Nello Yemen la violenza ha molti volti. Una attivista yemenita impegnata in una campagna per l’emancipazione femminile è stata assassinata a colpi di pistola in una strada della città di Taiz, nel Sud dello paese arabo. La vittima, Amat al-Aleem al-Asbahi, aveva circa trent’anni ed era impegnata in un progetto per favorire l’alfabetizzazione femminile. La giovane donna è stata uccisa, ha riportato ieri l’Independent online, il 25 dicembre da due motociclisti che sono poi riusciti a dileguarsi indisturbati tra la folla.
L’assassinio non è stato in alcun modo rivendicato. Molti esponenti e leader yemeniti hanno espresso pubblicamente la loro condanna all’assassinio. Ma, indipendentemente dai proclami, la situazione delle donne in Yemen rimane tra le più difficili del mondo. Nel settembre scorso una fatwa aveva vietato alle attiviste di sesso femminile di collaborare con i loro colleghi uomini. Il parere, diffuso dal Mufti (religioso islamico) Abdullah al-Odaini aveva reso la vita delle attiviste come Asbashi e delle sue colleghe molto più complicata. Il loro lavoro a favore dell’emancipazione culturale delle giovani donne non piace ai fondamentalisti che tentano di ostacolare l’alfabetizzazione delle bambine, non solo in Yemen.

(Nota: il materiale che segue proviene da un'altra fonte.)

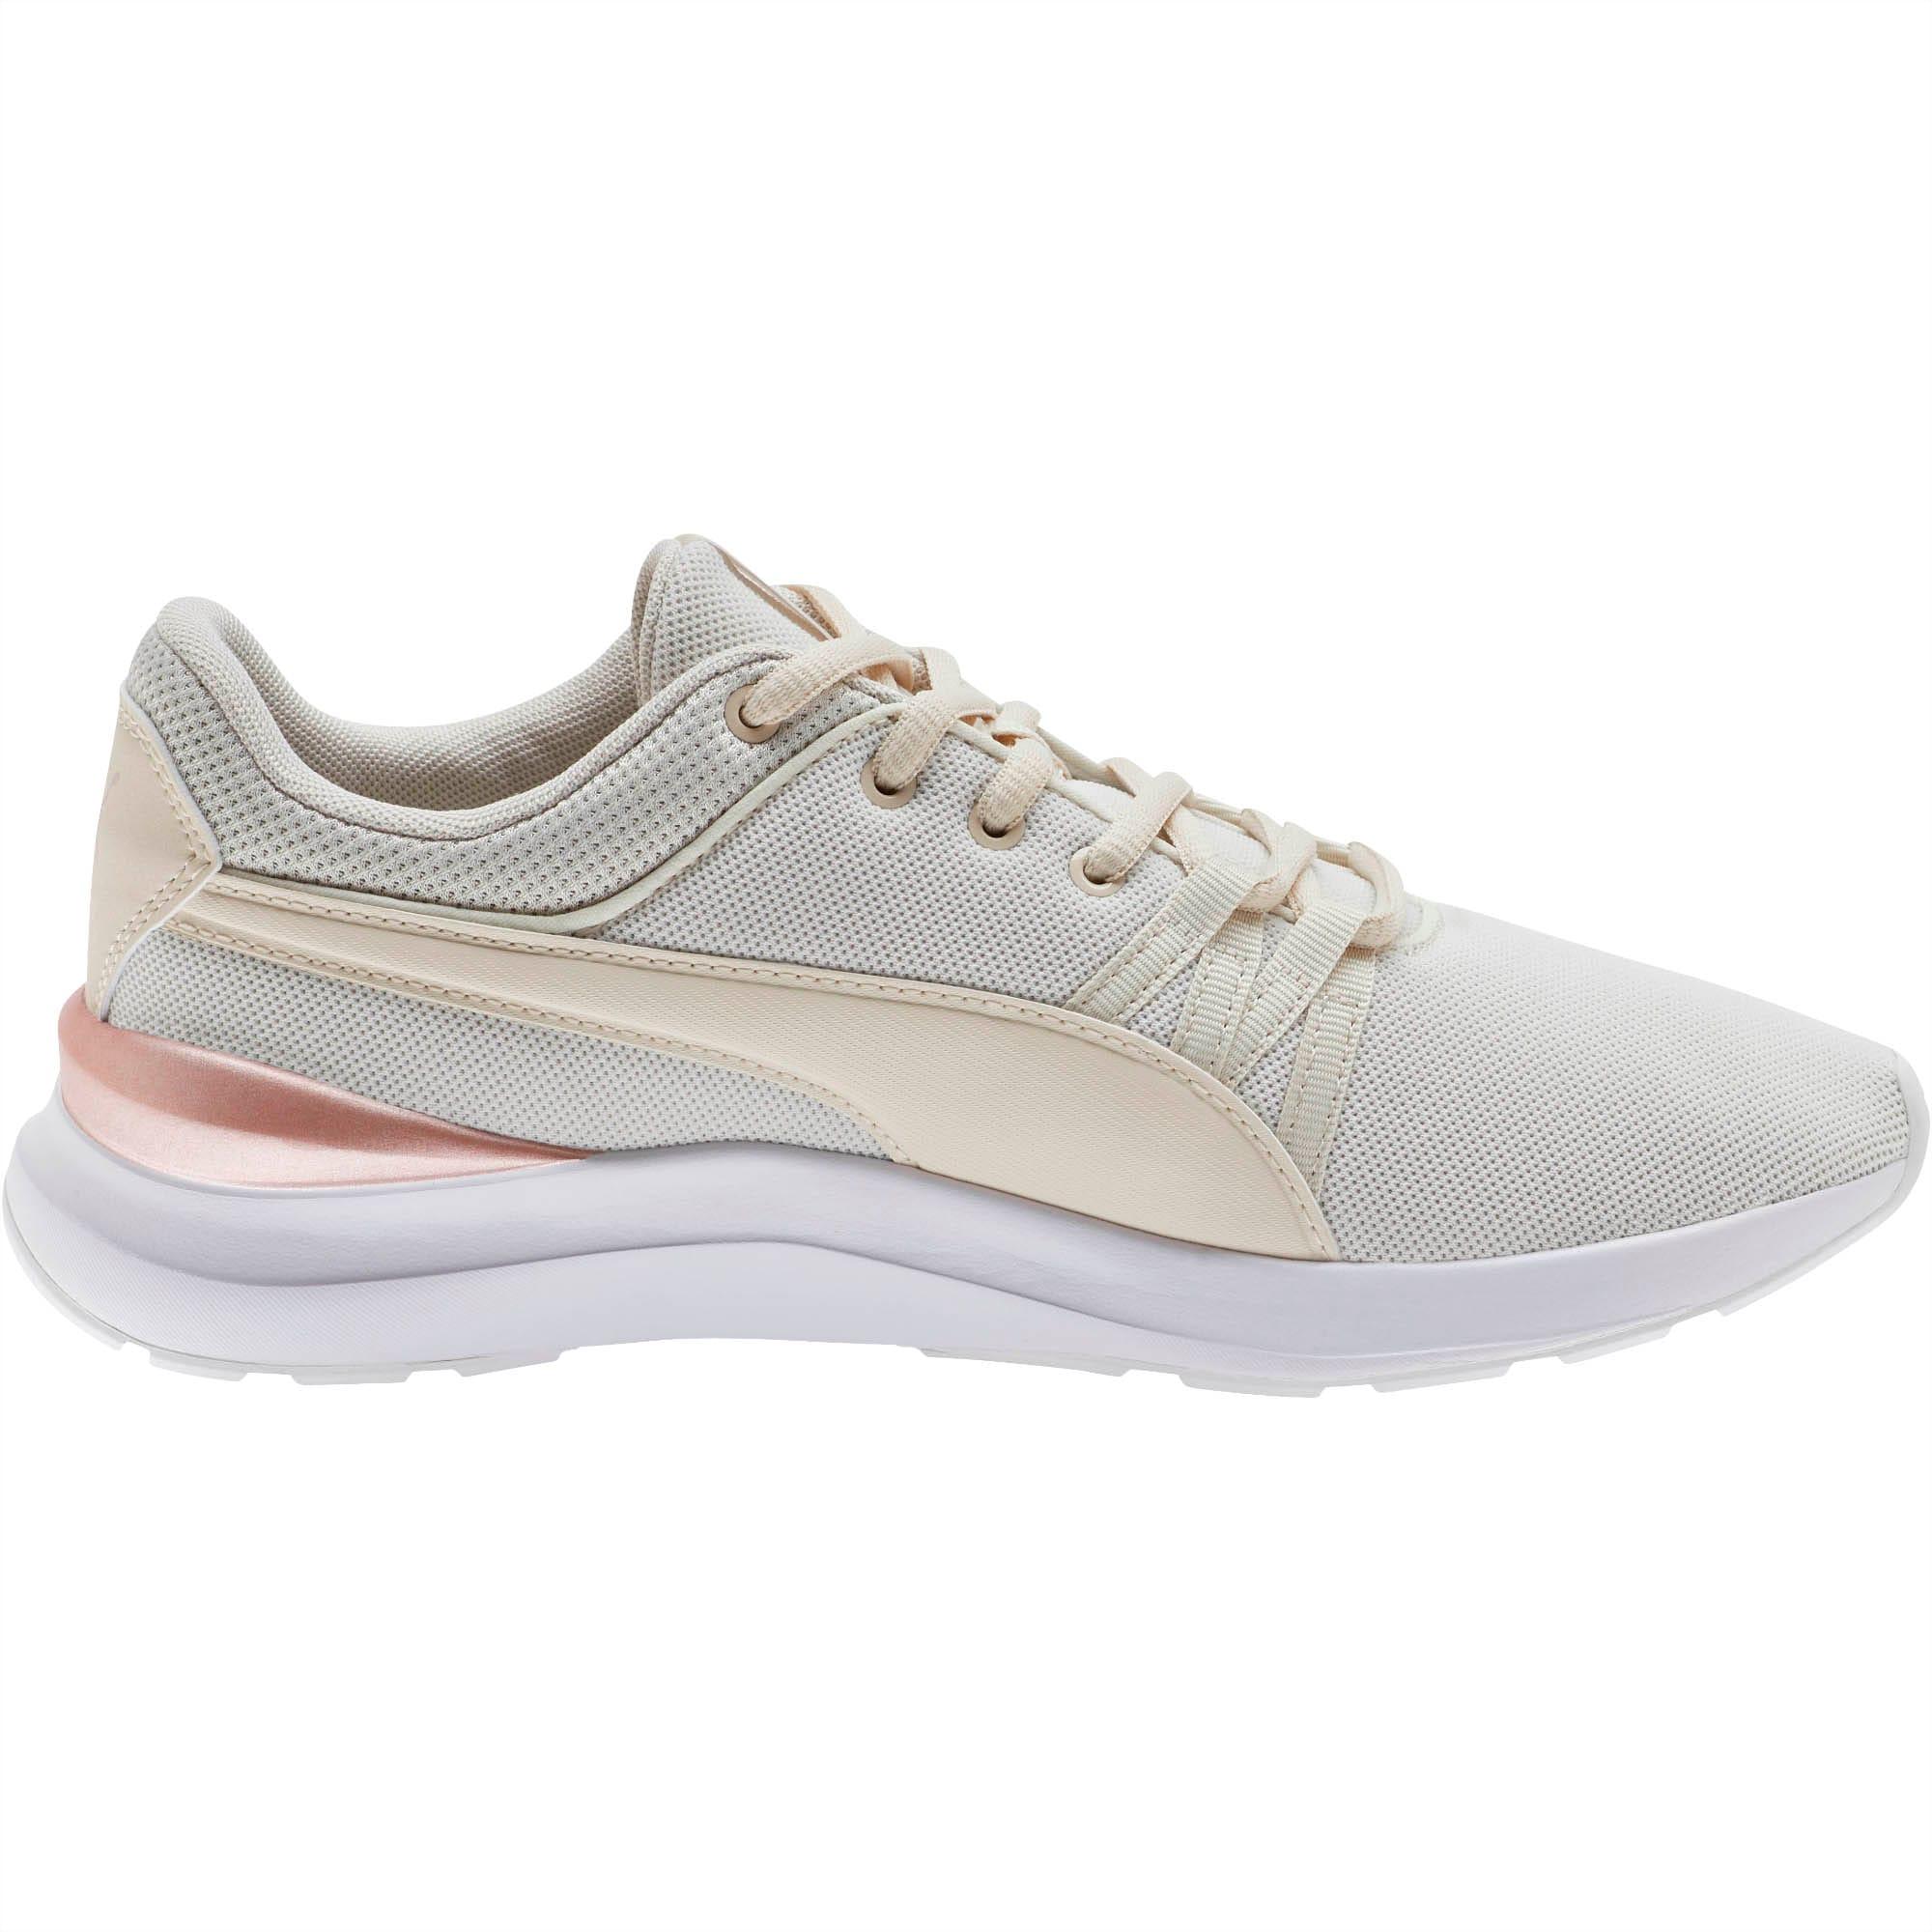 Adela Mesh Womens Sneakers   PUMA US
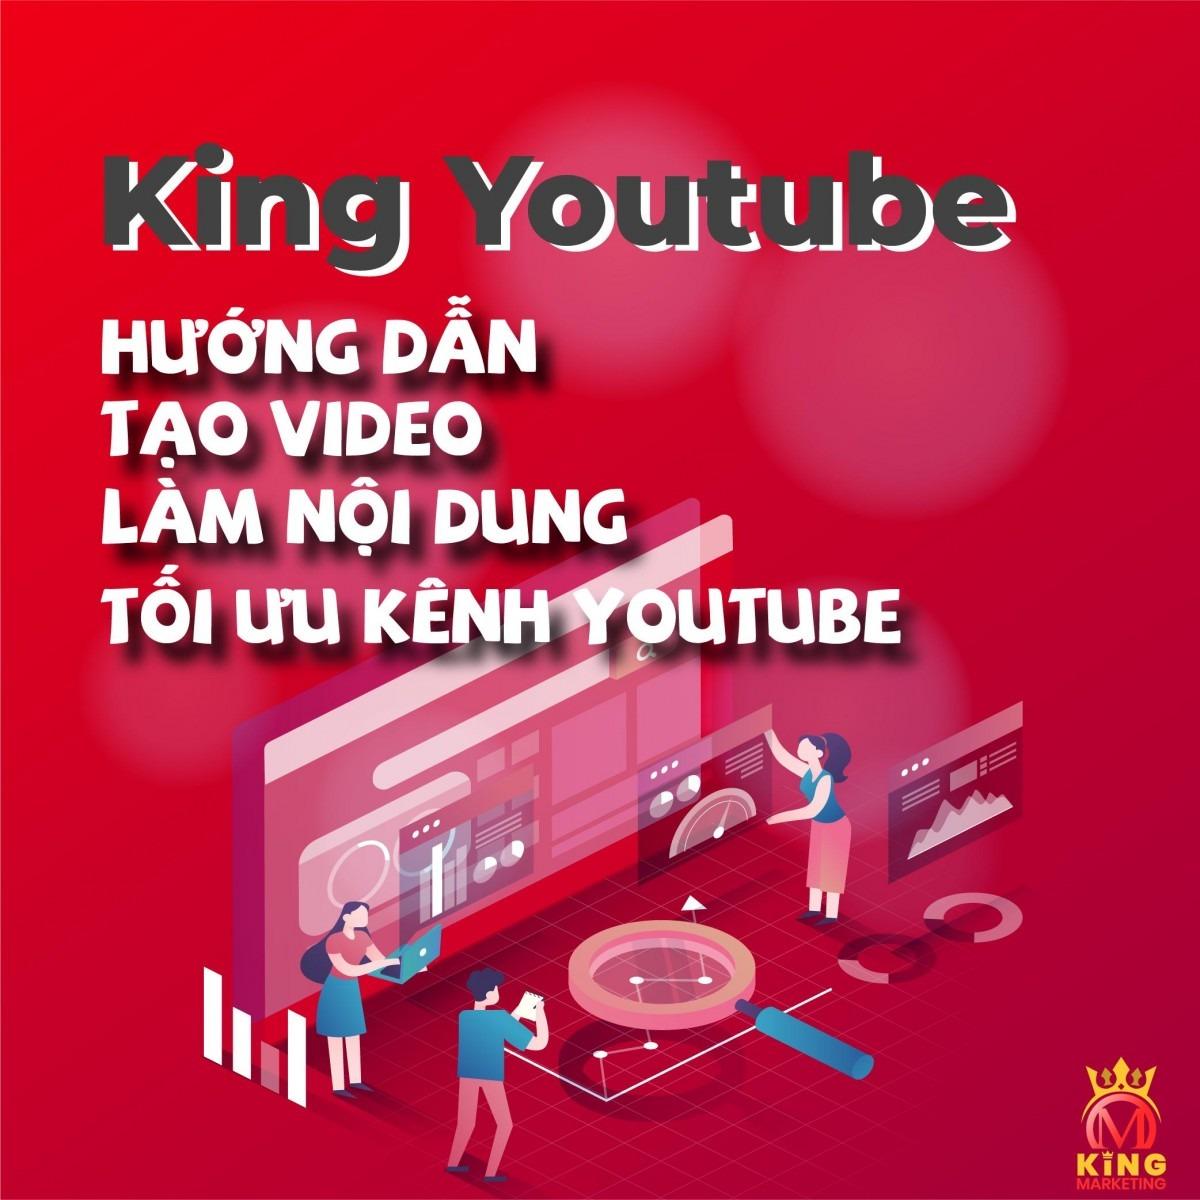 King Youtube

In Medio Oriente, infatti, secondo una ricerca svolta dal governo di Riad nel 2015, circa il 42% di ragazze di età superiore ai 15 anni è analfabeta. Una statistica impressionante se rapportata su scala internazionale, dove lo stesso campione ha un tasso del 12%. Ancora peggio va in quelle nazioni colpite da conflitti interni o internazionali: è il caso dell’Iraq e – appunto – dello Yemen i quali, secondo le statistiche, hanno un tasso di analfabetismo rispettivamente del 77% e del 75%. Praticamente, tre ragazze su quattro non sanno né leggere né scrivere. Da qui l’importanza del lavoro di volontari e attivisti a favore dell’acculturazione delle donne, spesso osteggiato da famiglie, governatori e leader religiosi fondamentalisti.
La storia di Amat ricorda da vicino un caso simile avvenuto in Pakistan, fortunatamente a lieto fine. Nel 2012 Malala Yousafzai – Premio Nobel per la pace per il suo impegno per il diritto all’istruzione delle donne pakistane – venne gravemente colpita alla testa da uomini armati saliti a bordo del pullman scolastico su cui lei tornava a casa da scuola. In quella occasione, l’attentato venne rivendicato da Ihsanullah Ihsan, portavoce dei talebani pakistani, sostenendo che la ragazza è “il simbolo degli infedeli e dell’oscenità”.